At the back of the hill

Warning: May contain traces of soy, wheat, lecithin and tree nuts. That you are here
strongly suggests that you are either omnivorous, or a glutton.
And that you might like cheese-doodles.
Please form a caseophilic line to the right. Thank you.

Thursday, August 09, 2018


Wisely and kindly she decided not to tell me all the details. Still, what she was watching was sufficiently interesting to her that the frequent eruptions from the other side of her computer told me a story.
"Yeah, you have to get out the entire sack."
"Man, those things are gross."
"Way cool!"

She's gone from watching zit extraction videos to boils and cysts.

Which is what I came home to this evening.

Scientific curiosity.

Never stop learning. An inquisitive mind is a wonderful thing to have.
I applaud the eternal search for intellectual stimulation, as well as the acquisition of new knowledge. Yes indeed.

Realistically, though, I'm okay not knowing all the details.

"You know, it's kind of interesting when someone has an extremely large head and very tiny ears; like the head is the size of a basketball and the ears resemble dried apricots."

Sometimes I'm also fine not knowing what goes in her head.

She informs me that when you get into the philtrum area it hurts like hell. She wonders why that is. I do not wonder about these things, because my intellectual curiosity has limits.

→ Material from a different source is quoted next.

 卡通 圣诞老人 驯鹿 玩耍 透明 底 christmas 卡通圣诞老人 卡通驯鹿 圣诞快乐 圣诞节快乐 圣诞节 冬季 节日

With great interest she observes what shows up on her screen. A normal woman would be grossed out, but I could not live with a normal woman.
I rather like that my apartment mate has a hardened stomach, and a hard-headed approach to life, piping & electricity, and disgusting medical sh*t. For one thing it means that her conversation is regularly more interesting, and seldom if ever a dreary monologue about handbags or mascara.

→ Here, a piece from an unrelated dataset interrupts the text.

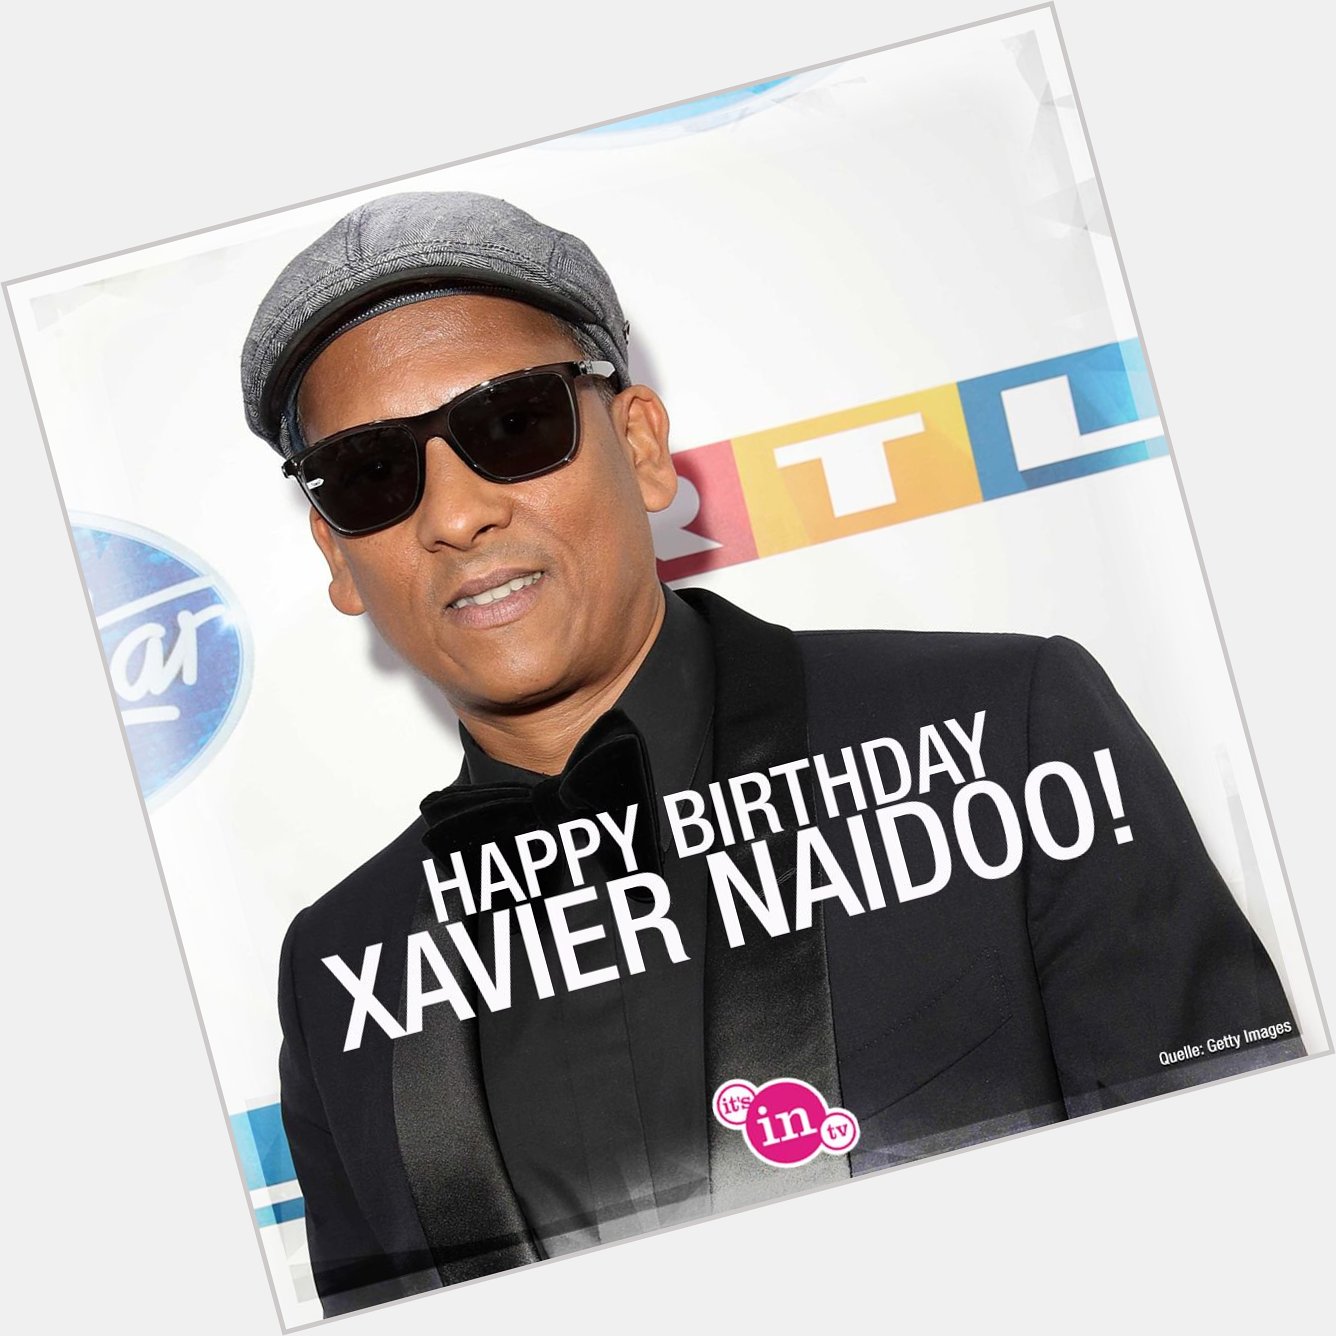 Unser heutiges Geburtstagskind ist Xavier Naidoo! Happy Birthday! Hoch soll er leben!

For another thing, if I ever need an operation, I'll have an avid and wide-awake audience of one. Who will tell me all about it afterwards.
I suppose that's a good thing.
A fair witness.

I'm not planning on needing an operation, in case you wondered.

If I ever start dating again, the test will be how "girlfriend" and "apartment mate" get along. If they actually like each other that would be a good sign. Bright, curious, outside the box, and no girlie sh*t.


Her vocalizations got worse. "Damn." "Damn!" "DAAAAMN!" "Mothersnot!" "Just heat it a bit, palpitate .... whoah!" "Damn!" "Just a little TLC." "Daaamn!"